Google ruling in Louis Vuitton case favours web freedom

In a case brought against Google by a number of claimants, including Louis Vuitton, an important advisory Opinion was handed down

In a case brought against Google by a number of claimants, including Louis Vuitton, an important advisory Opinion was handed down at the European Court of Justice yesterday, 22 September 2009, in relation to the sale by Google of keywords containing trade marks, write Mark Owen and Shireen Peermohamed from law firm Harbottle & Lewis

The crux of the case involves Google selling Adwords to advertisers. Those Adwords sometimes correspond to or contain trade marks owned by other parties. By selling and then permitting the use of those Adwords for sponsored listings on the Google search engine, is Google itself liable for infringement of those trade marks?

The key findings were:

§ In offering Adwords to advertisers, Google was not using a sign identical or similar to the trade mark registrations. Accordingly, there was no trade mark infringement.

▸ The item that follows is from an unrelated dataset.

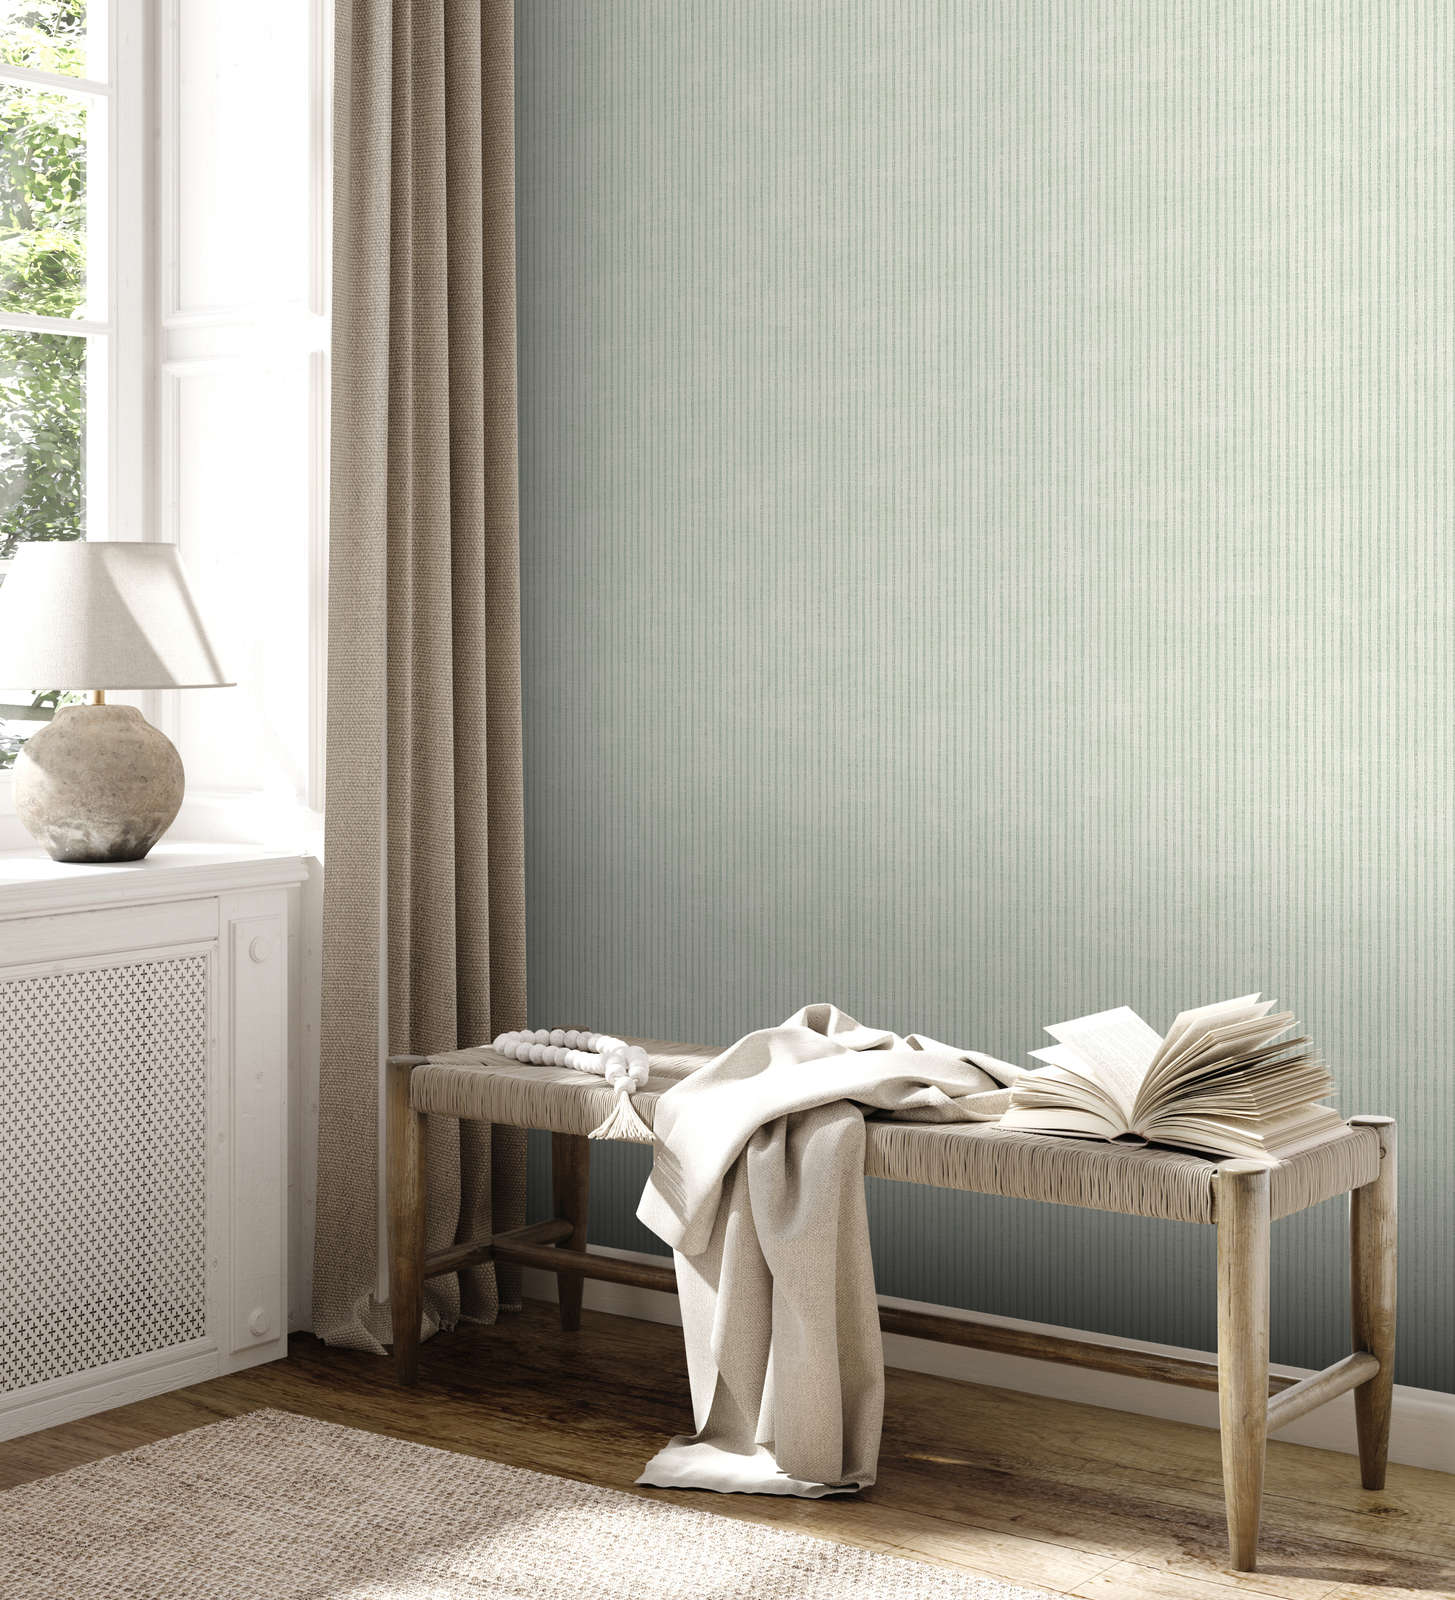             Country house striped wallpaper in vintage style - cream, green

§ Displaying adverts for goods and services covered by the trade mark registrations in response to keyword trade marks did not amount to infringement by Google either, though it may do by the advertisers.

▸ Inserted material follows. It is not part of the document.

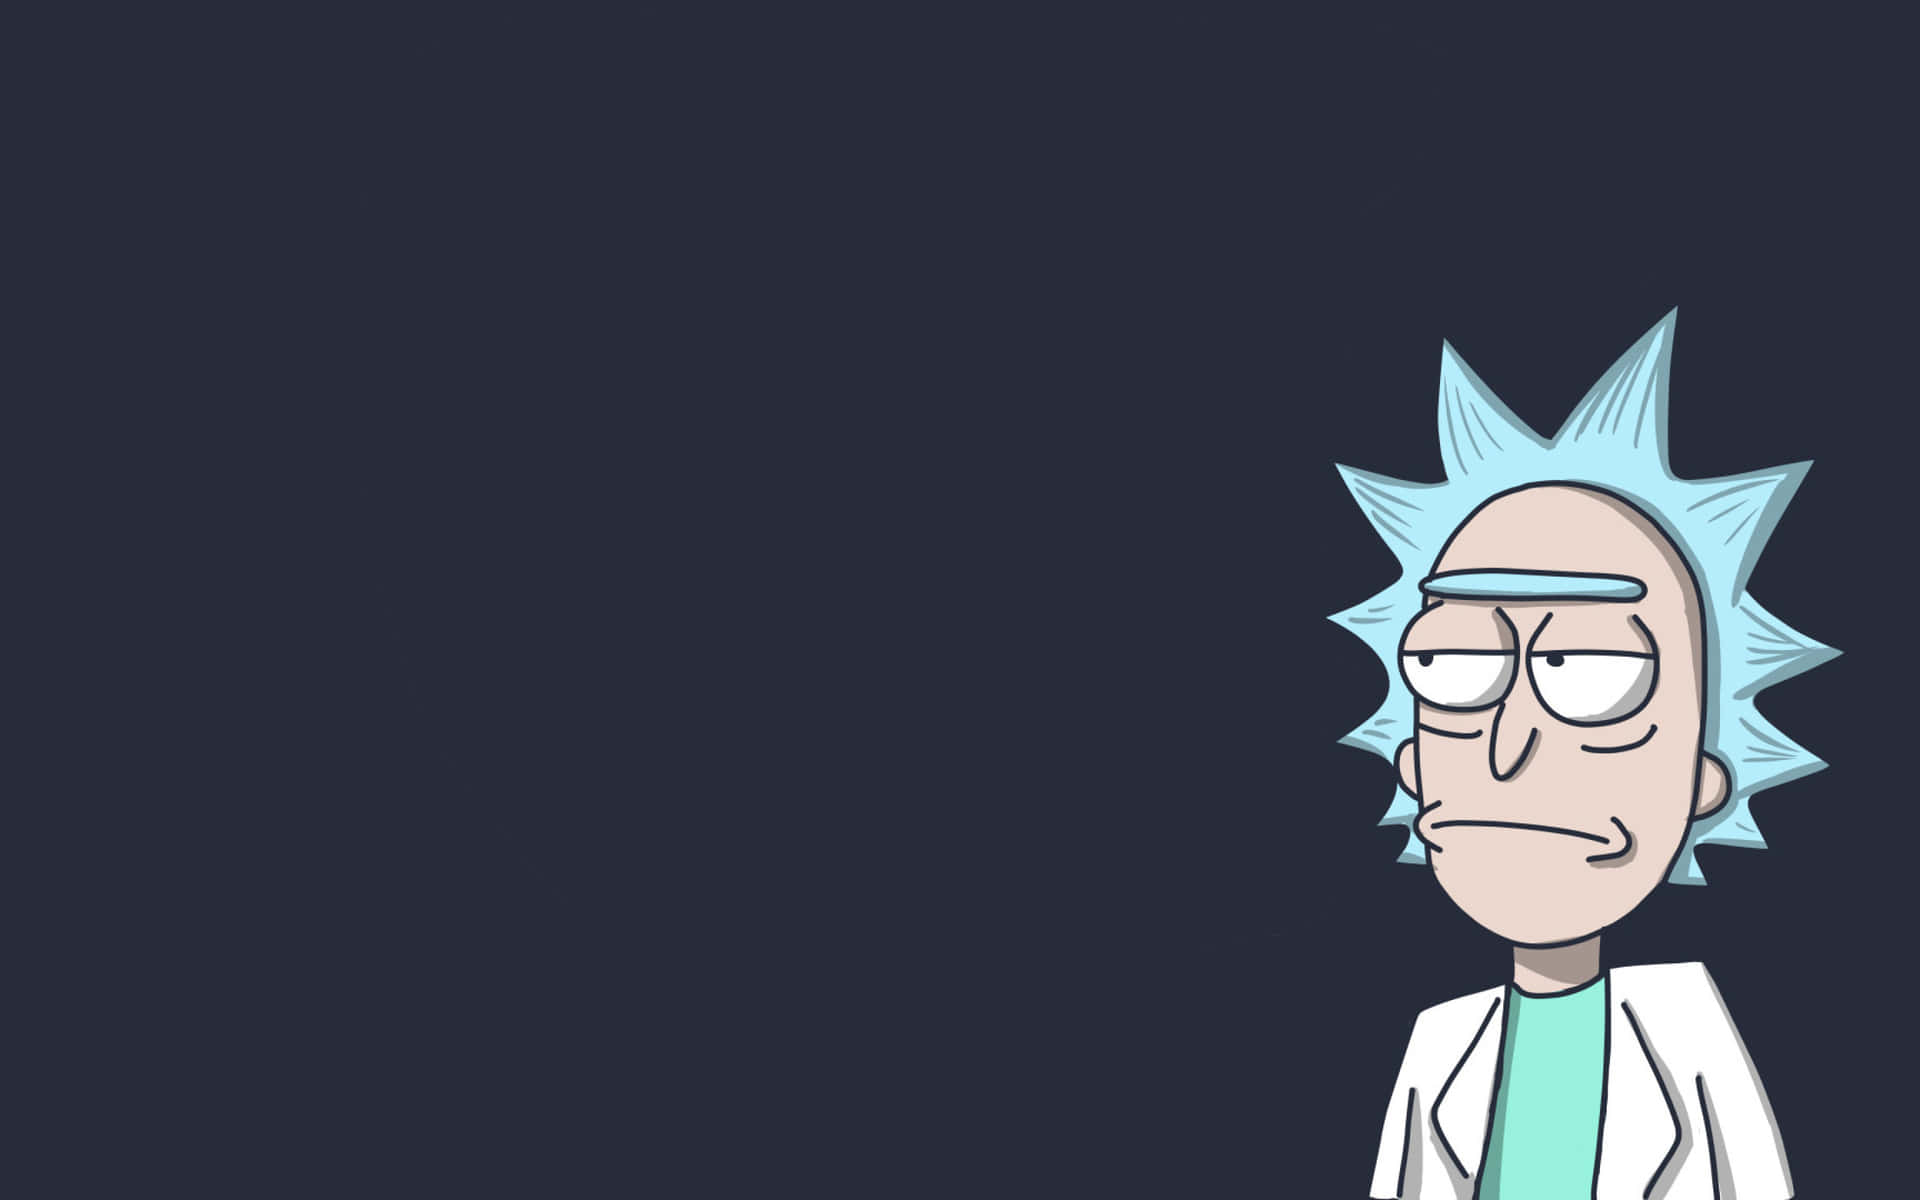 Enjoy the interdimensional adventures of Rick and Morty with your Macbook Wallpaper

The Opinion provides an interesting new spin on the debate over liability for online services, which is that service providers who seek to benefit from a liability exemption should remain neutral with regard to the information they carry or host. This is in keeping with the idea that there should be net neutrality, currently a hot political potato.

If the Advocate General's Opinion is adopted in full by the ECJ, this will be an extremely important case not only concerning the liability for the use of trade marks on the Internet, but also in respect of liability of service providers generally.

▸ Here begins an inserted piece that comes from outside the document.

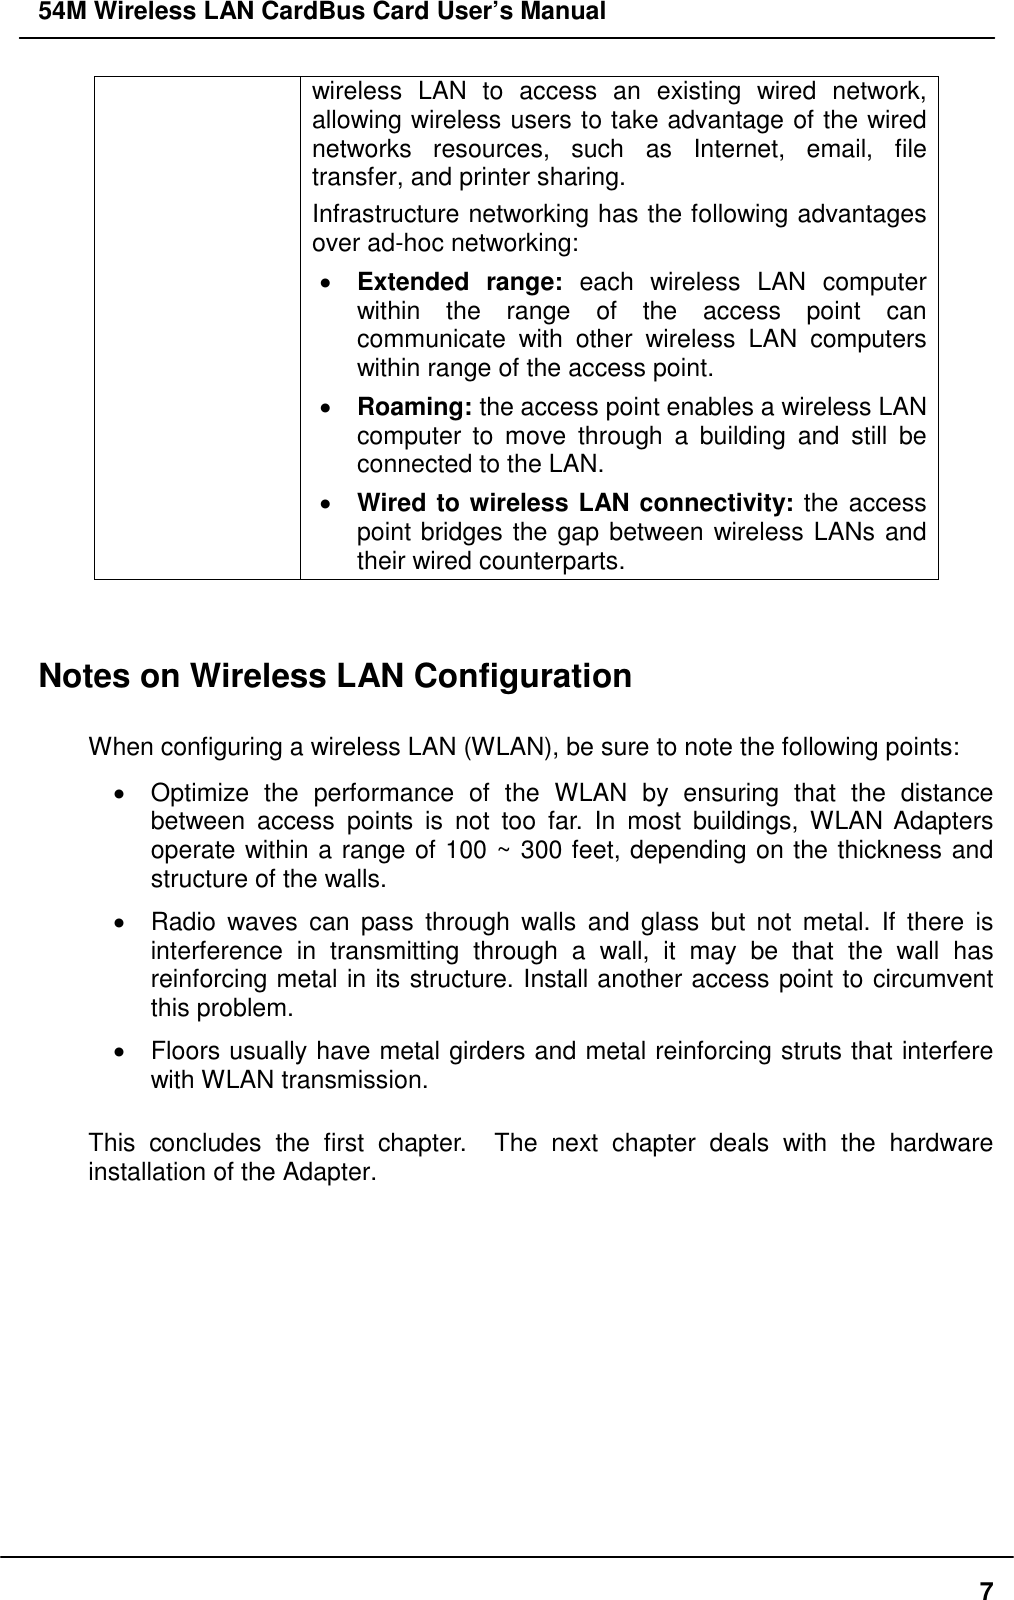 54M Wireless LAN CardBus Card User’s Manual7wireless LAN to access an existing wired network,allowing wireless users to take advantage of the wirednetworks resources, such as Internet, email, filetransfer, and printer sharing.Infrastructure networking has the following advantagesover ad-hoc networking:• Extended range: each wireless LAN computerwithin the range of the access point cancommunicate with other wireless LAN computerswithin range of the access point.• Roaming: the access point enables a wireless LANcomputer to move through a building and still beconnected to the LAN.• Wired to wireless LAN connectivity: the accesspoint bridges the gap between wireless LANs andtheir wired counterparts.Notes on Wireless LAN ConfigurationWhen configuring a wireless LAN (WLAN), be sure to note the following points:•  Optimize the performance of the WLAN by ensuring that the distancebetween access points is not too far. In most buildings, WLAN Adaptersoperate within a range of 100 ~ 300 feet, depending on the thickness andstructure of the walls.•  Radio waves can pass through walls and glass but not metal. If there isinterference in transmitting through a wall, it may be that the wall hasreinforcing metal in its structure. Install another access point to circumventthis problem.•  Floors usually have metal girders and metal reinforcing struts that interferewith WLAN transmission.This concludes the first chapter.  The next chapter deals with the hardwareinstallation of the Adapter.

The Opinion is very much in favour of a "free" web environment, where freedom of commerce and expression are important and are to be balanced with intellectual property rights. It would seem that if service providers can say that they are acting entirely neutrally then they stand a much better chance of escaping liability for what their service is used for.

The reasoning of the Advocate General is in many places difficult to follow. In addition, many will consider his Opinion is too much in favour of "freedom" on the web and the primacy of technology. However, by his having looked so exhaustively at the issues, the ECJ will have no excuse for now not bringing some long overdue clarity to this important area.

Mark Owen and Shireen Peermohamed are Partners, Intellectual Property, at Harbottle & Lewis.